Diario Editorial: O futuro ameaçado

Publicado em: 16/10/2017 07:10 Atualizado em:

Os assassinatos de adolescentes, entre 12 e 18 anos, atingiram 3,65 vítimas em cada grupo de mil indivíduos. O Índice de Homicídios na Adolescência (IHA) disparou. É o mais alto desde que começou a ser medido ,em 2005, pelo Fundo das Nações Unidas para a Infância (Unicef), em parceria com o Ministério dos Direitos Humanos, o Observatório de Favelas e o Laboratório de Análise da Violência, da Universidade do Estado do Rio de Janeiro (Uerj).
O estudo, divulgado no dia 11, abrangeu 300 municípios com mais de 100 mil habitantes e tomou como base os dados do Sistema de Informação sobre Mortalidade do Ministério da Saúde. No atual ritmo, em 2021 o país terá perdido 43 mil adolescentes por homicídio, apenas nas grandes cidades. As deficiências nas políticas públicas, a cada ano, indicam que as projeções negativas vão virar realidade. Em 2012, a Uerj previa que o país lamentaria o assassinato de 37 mil crianças e adolescentes até 2016. Nem foi preciso esperar quatro anos.

O Nordeste é a região mais perigosa para os jovens, com 6,5 assassinatos em cada grupo de mil, seguido do Centro-Oeste, com índice de 3,9, do Norte (3,3), do Sudeste (2,8) e do Sul (2,3). Fortaleza, capital cearense, é a mais letal, com IHA de 10,94, enquanto Boa Vista (RR) se destaca entre as menos perigosas (IHA de 1,40). Para os autores, há uma forte relação entre o IHA e as desigualdades socioeconômicas. Ou seja, o índice é mais alto no Nordeste, onde há grandes bolsões de pobreza.

Independentemente da fonte de informação ou do estudo realizado por instituições especializadas, o cenário é trágico.

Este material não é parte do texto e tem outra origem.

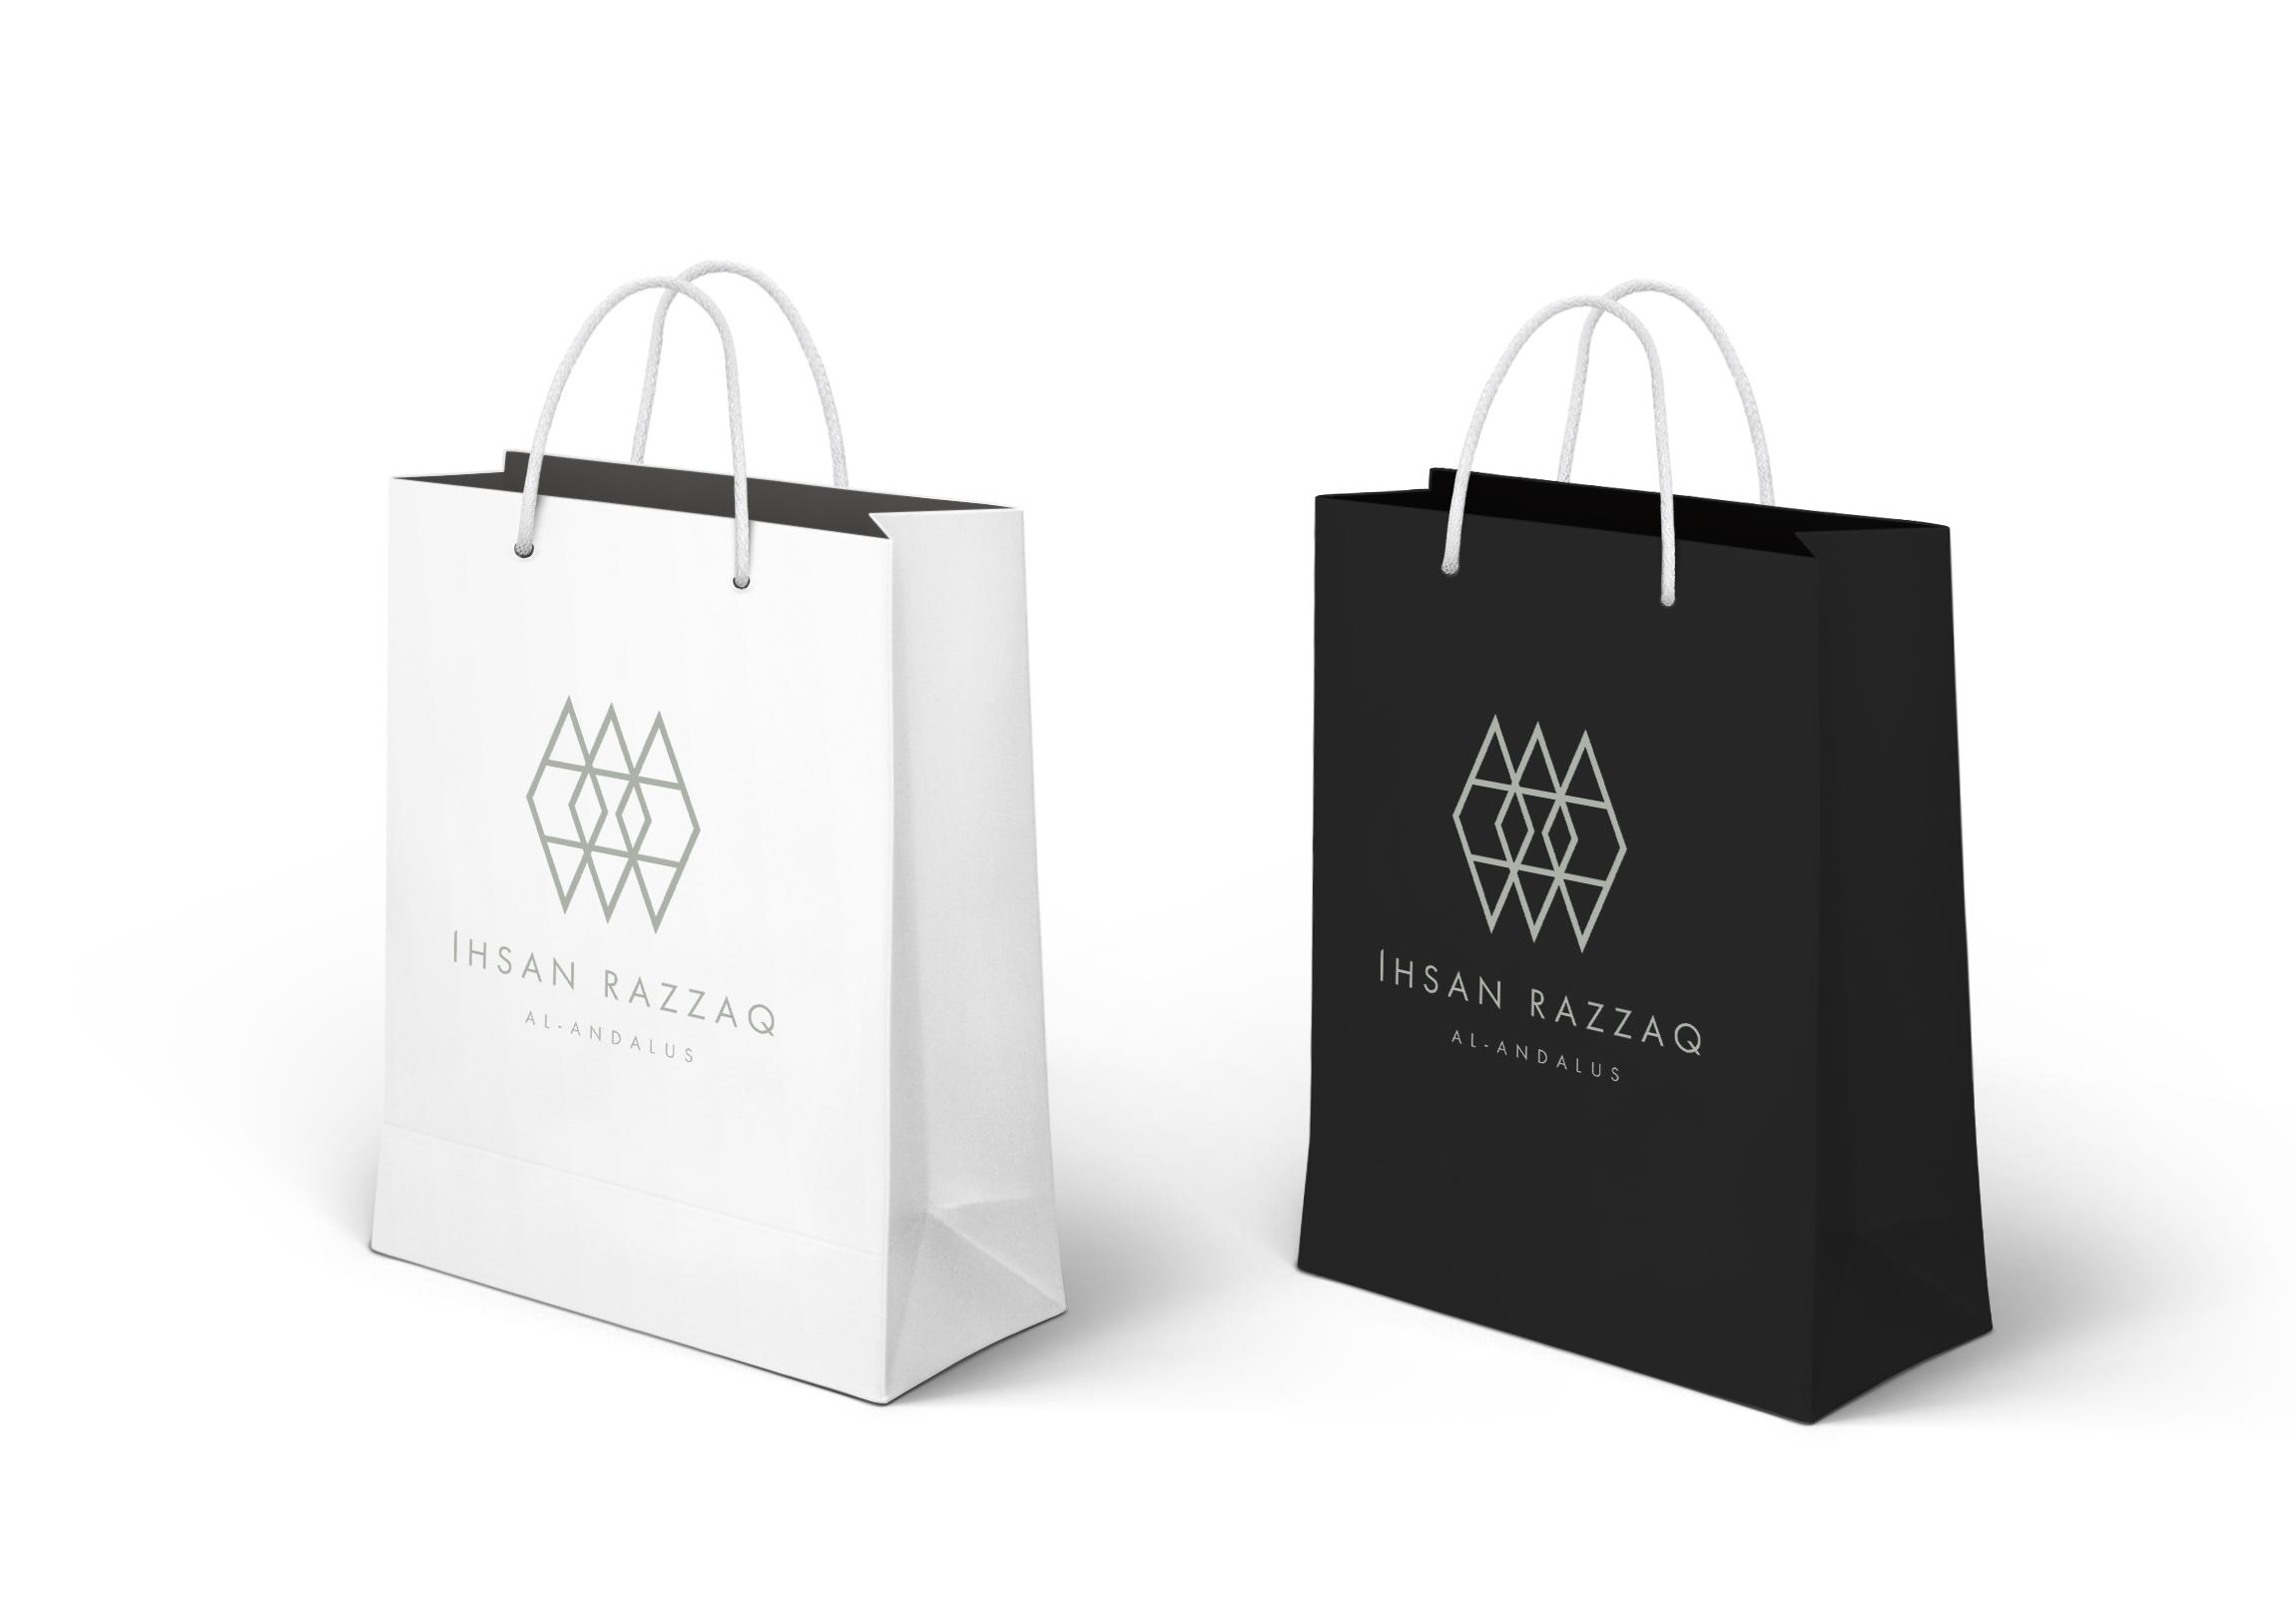 Branding y diseño web para Ihsan Razzaq por Binarid

No ano passado, o Mapa da Violência denunciava o avanço da mortandade de adolescentes no país, que havia aumentado 699,5%, entre 1980 e 2014, com base na mesma fonte de informação do estudo do Unicef.

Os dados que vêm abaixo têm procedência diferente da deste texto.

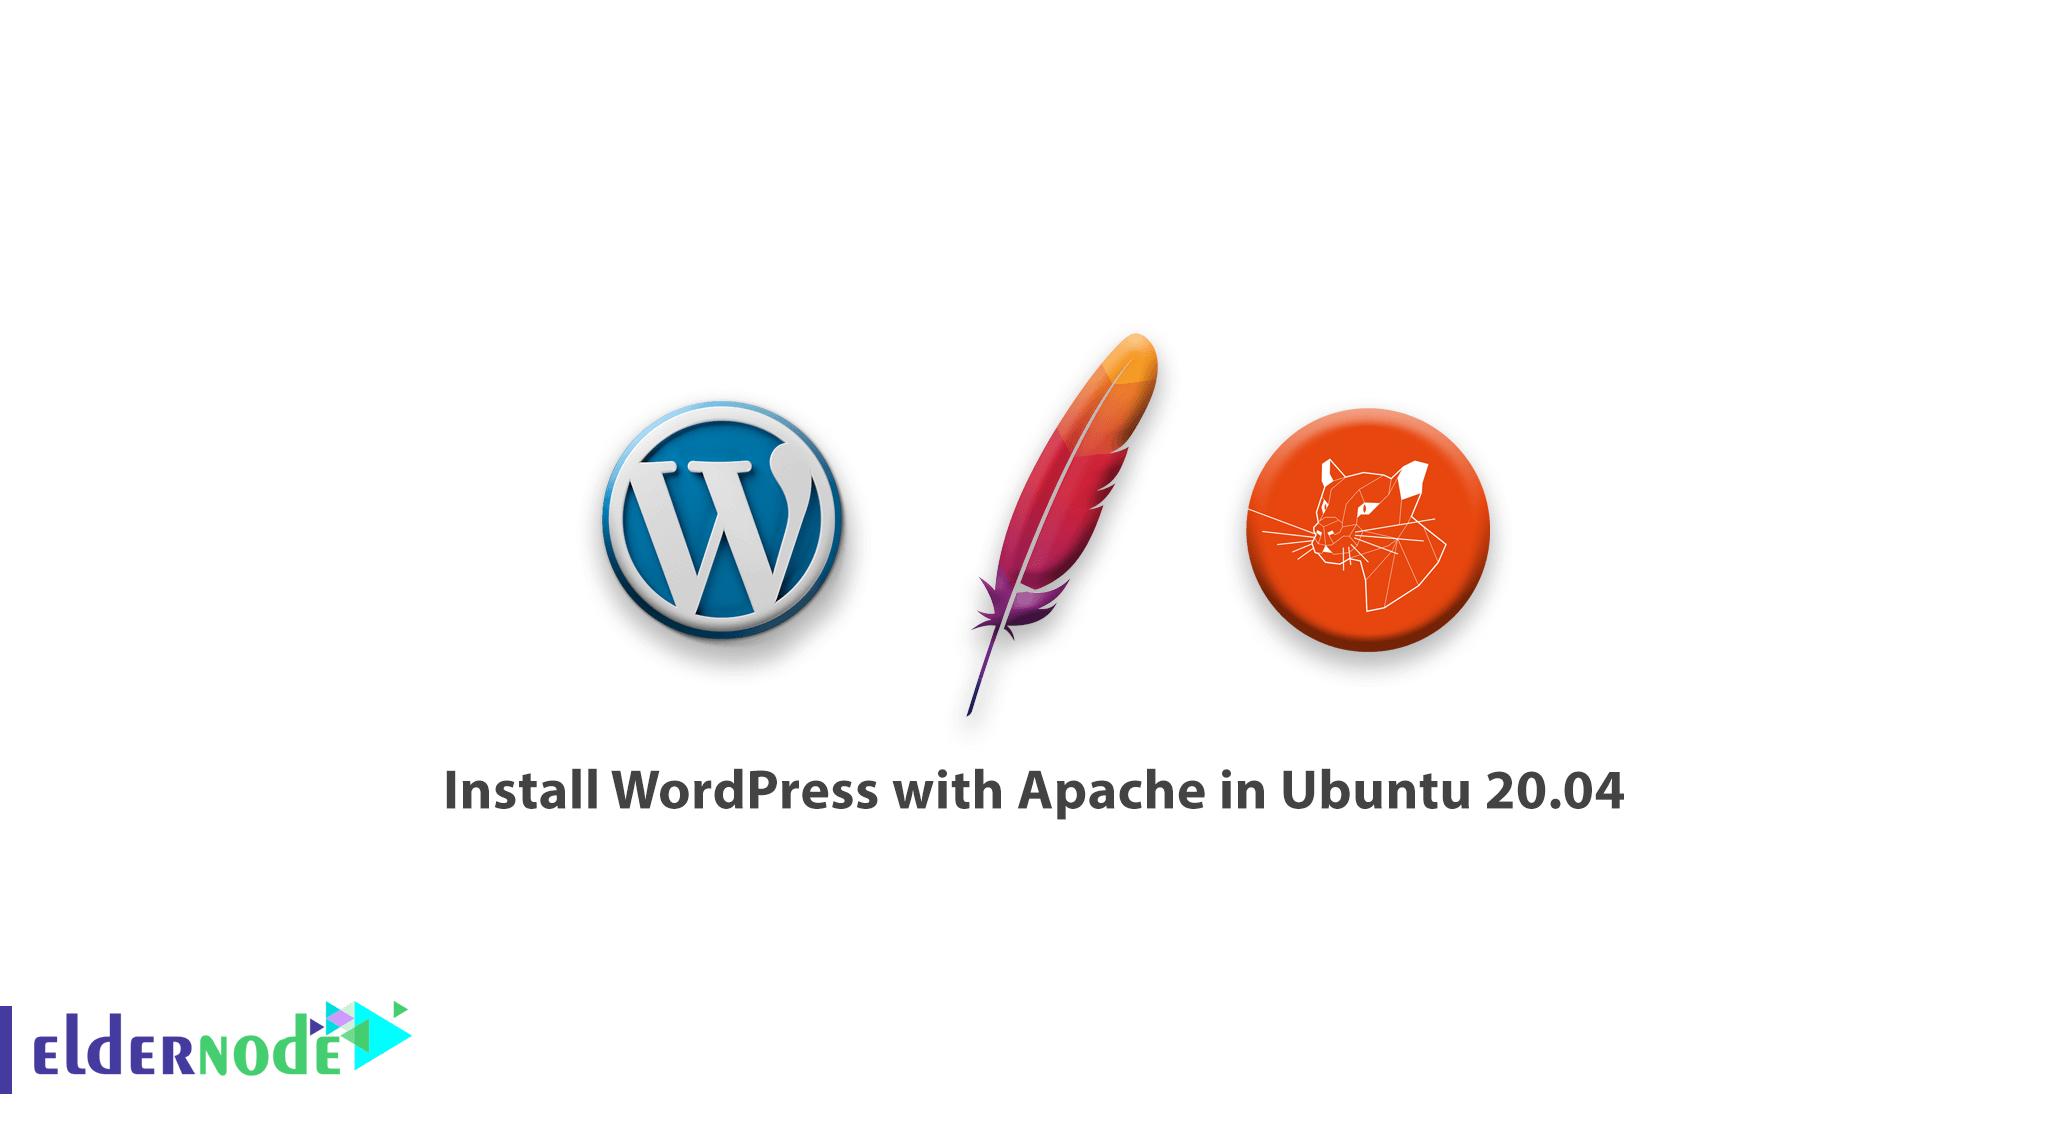 How to install WordPress with Apache in Ubuntu 20.04

Os levantamentos convergem ainda mais quando fazem o recorte raça/sexo. O menino negro é o que mais morre. Ele tem 13 vezes mais risco de ser assassinado do que a menina negra. Quando considerado o fator raça/cor, mais uma vez o negro está em desvantagem na comparação com um jovem branco. Ou seja, a probabilidade de ele ser assassinado é 2,85 vezes maior do que a de um colega branco ou amarelo.

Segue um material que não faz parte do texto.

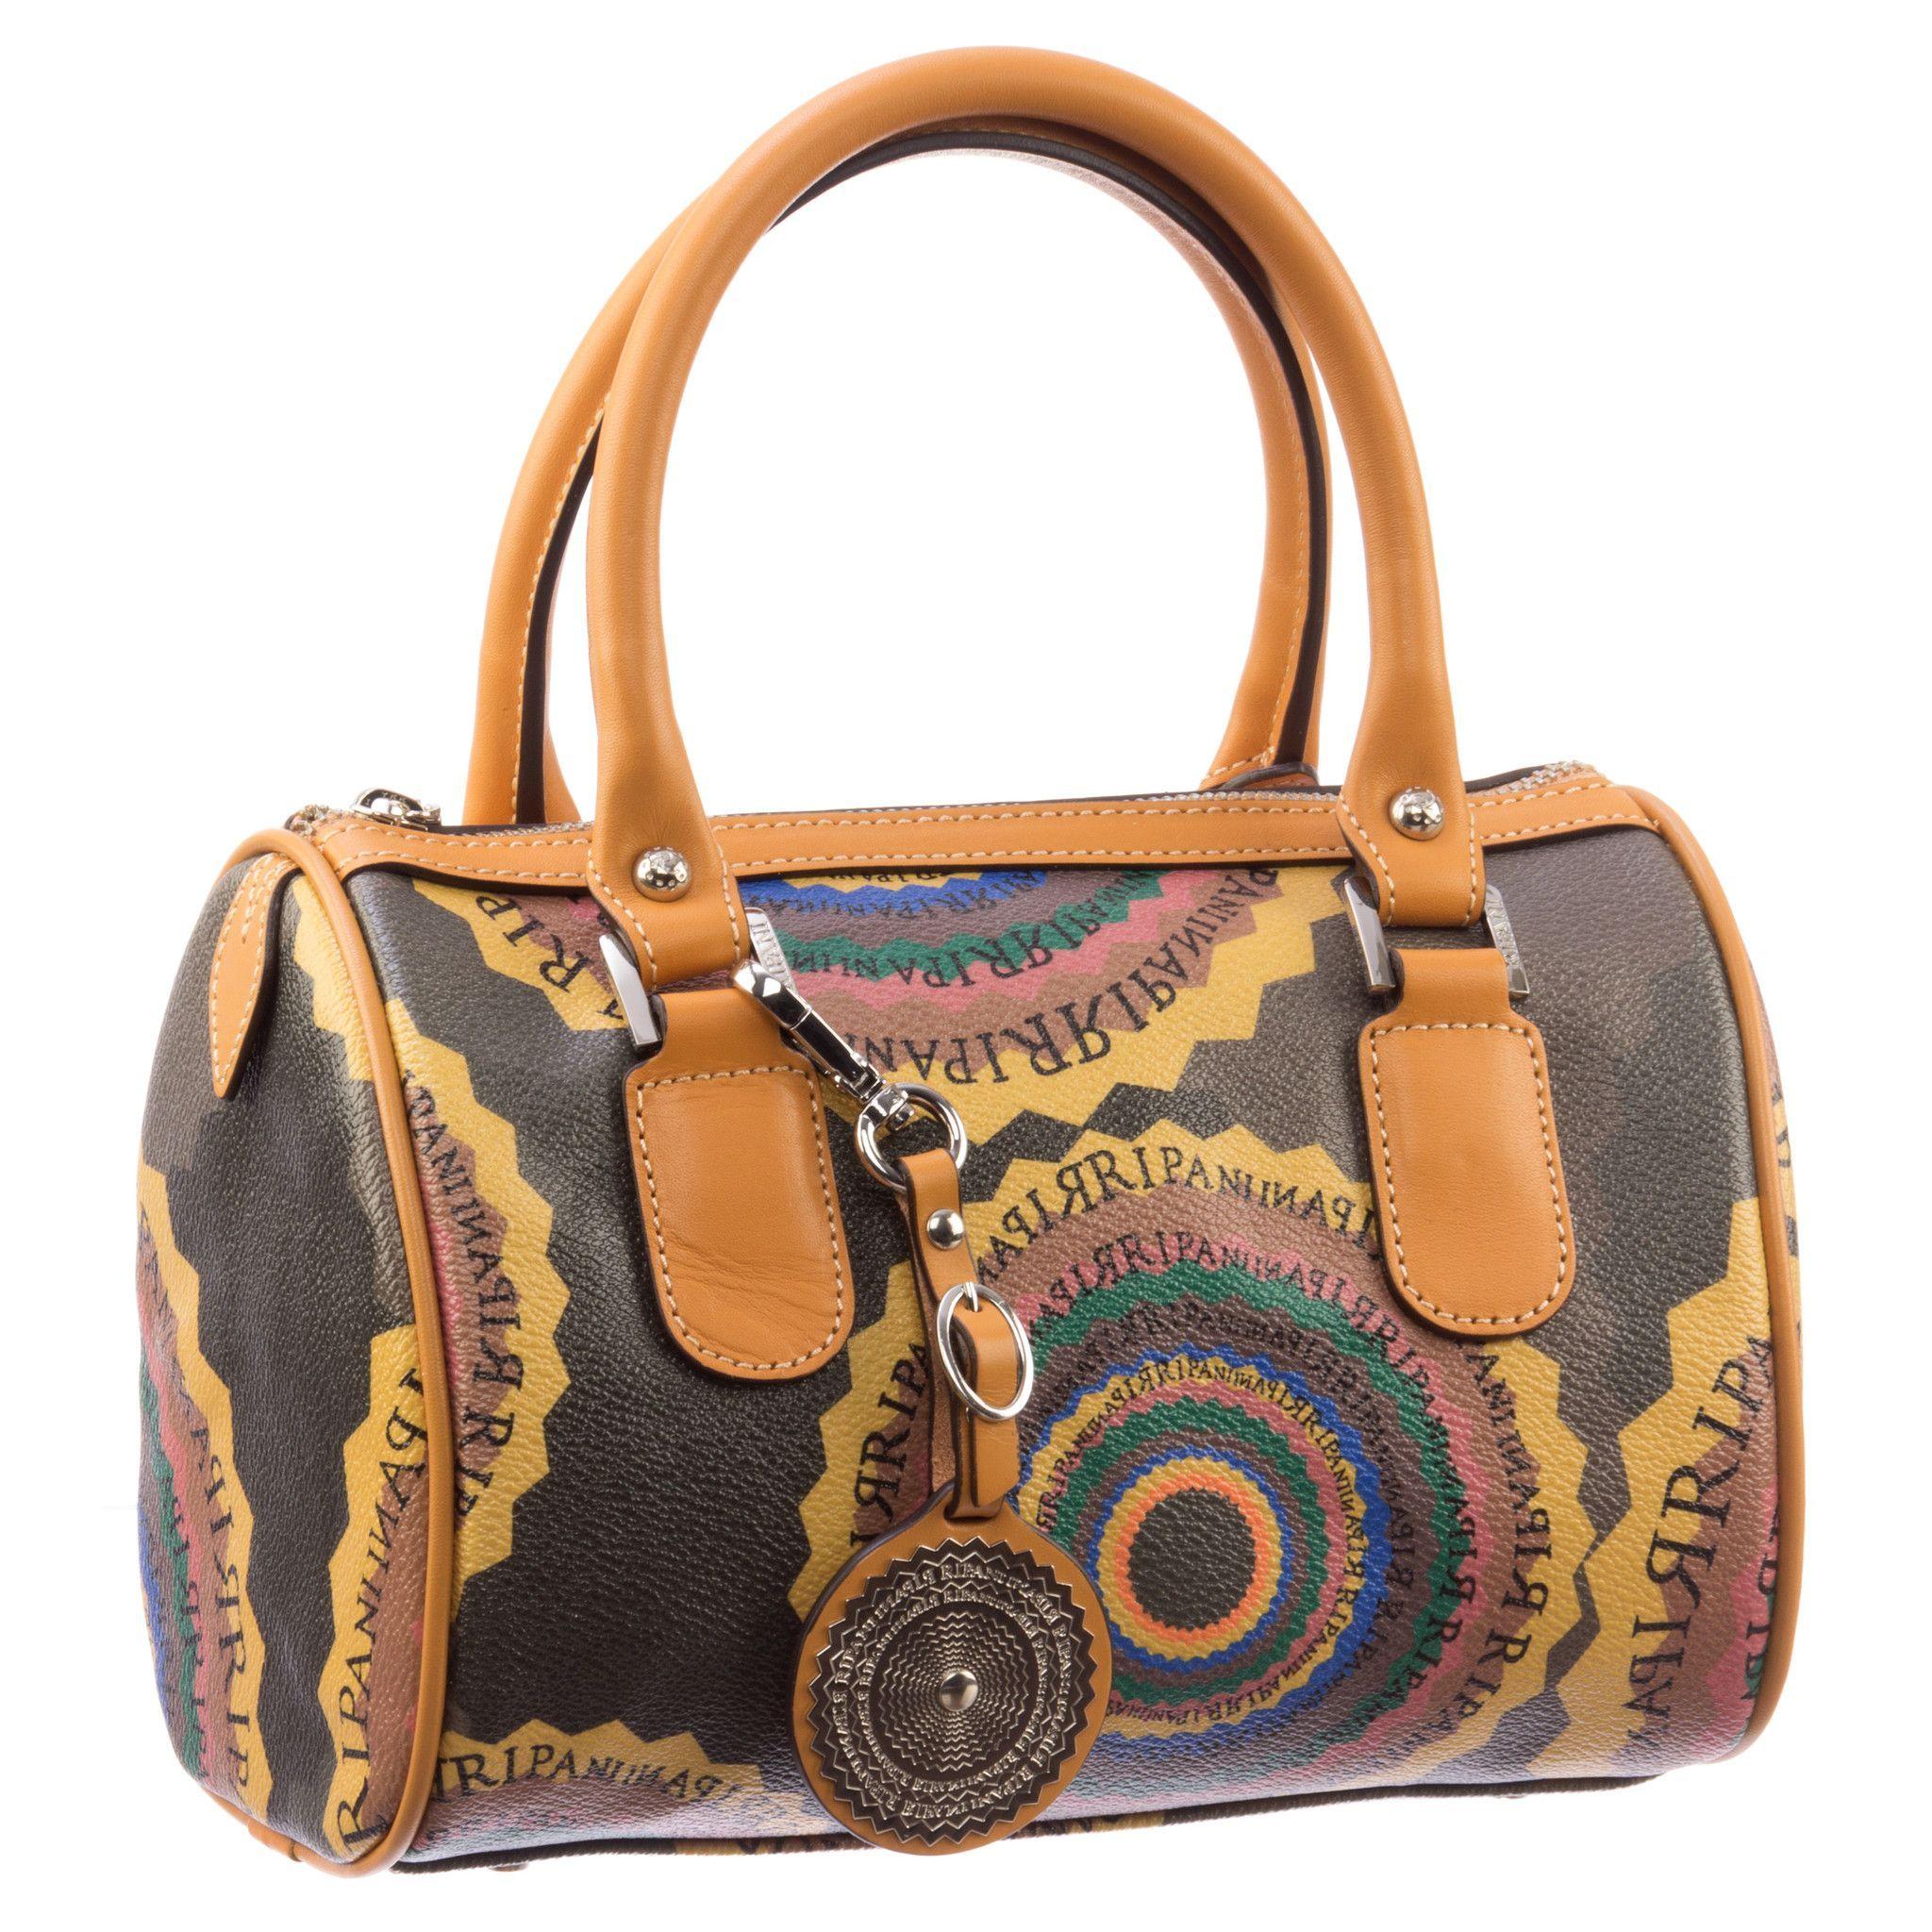 Ripani Time 0220rr Small Bowling Bag

O Atlas da Violência 2017, elaborado pelo Instituto de Pesquisa Econômica Aplicada (Ipea) e pelo Fórum Brasileiro de Segurança Pública, avalia uma faixa mais abrangente (entre 15 e 29 anos), mas a conclusão é a mesma: de cada 100 pessoas assassinadas no país, 71 são negras. O risco de negros serem vítimas de homicídio é de 23,5% maior do que os demais brasileiros, descontados os fatores idade, escolaridade, sexo, estado civil e local de residência.

Enquanto a mortalidade de não negras caiu 74%, entre 2005 e 2015, a de mulheres negras (pretas e pardas) aumentou 22%. Em um país com 60 mil homicídios por ano, o recorte raça/cor/gênero denuncia ainda que está em curso um processo de genocídio do povo negro, que hoje soma 53,6% da população, de acordo o censo do Instituto Brasileiro de Geografia e Estatística (IBGE) de 2014. Os dados impõem, com urgência, ao poder público revisão das políticas nos campos da segurança, da educação e das voltadas à eliminação das desigualdades. Se as crianças e os jovens são o futuro da nação, o futuro está sendo exterminado.